Acquires the MNIST dataset containing images of handwritten digits along with their corresponding labels.

Variable Number of Blocks:

Partitions each image into a variable number of blocks (e.g., 9 blocks) to facilitate more detailed feature extraction.

Chaincode Feature Extraction:

Computes the chaincode for each block within the image. Utilizes the chaincode as features for training the classifier. Implements chaincode extraction logic without relying on built-in functions.

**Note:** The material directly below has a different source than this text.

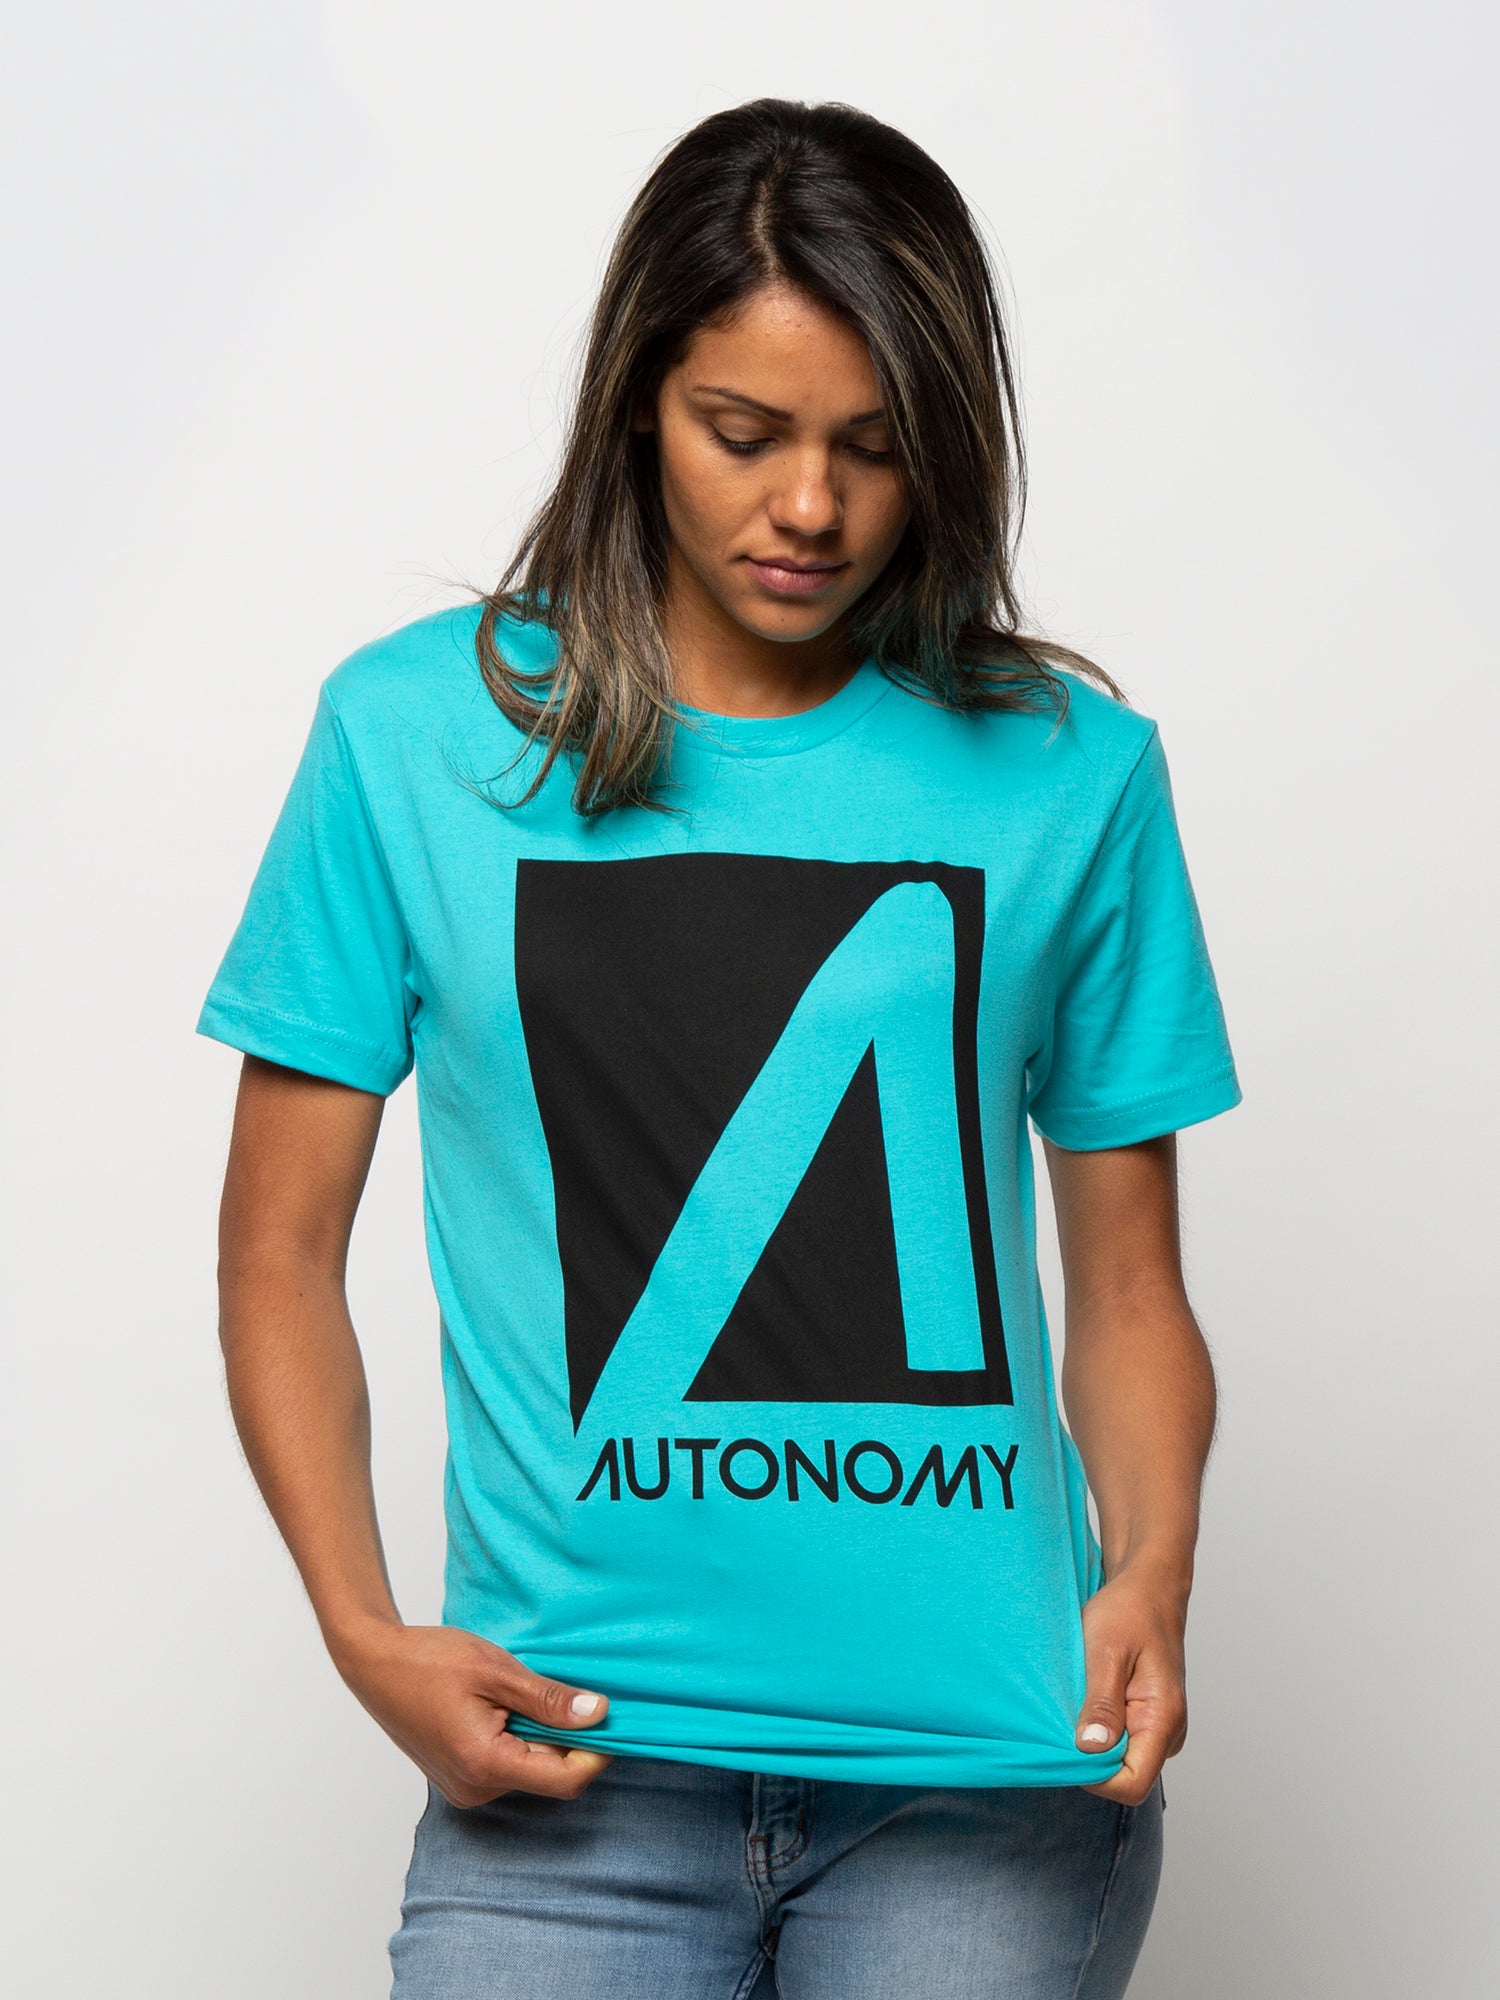 Autonomy No Comply T-shirt - Tahiti Blue

Split Data into Train and Test Sets:

Divides the dataset into training and testing sets, typically adhering to a predefined split ratio such as 70-30%.

Choose Classifier:

Selects a classifier from available options, such as Support Vector Machine (SVM), Random Forest, or k-Nearest Neighbors (k-NN).

Train Classifier:

Trains the chosen classifier using the chaincode features extracted from the training set.

Evaluate Accuracy:

Tests the trained classifier on the testing set to evaluate its accuracy. Computes the accuracy metric, representing the percentage of correctly classified digits.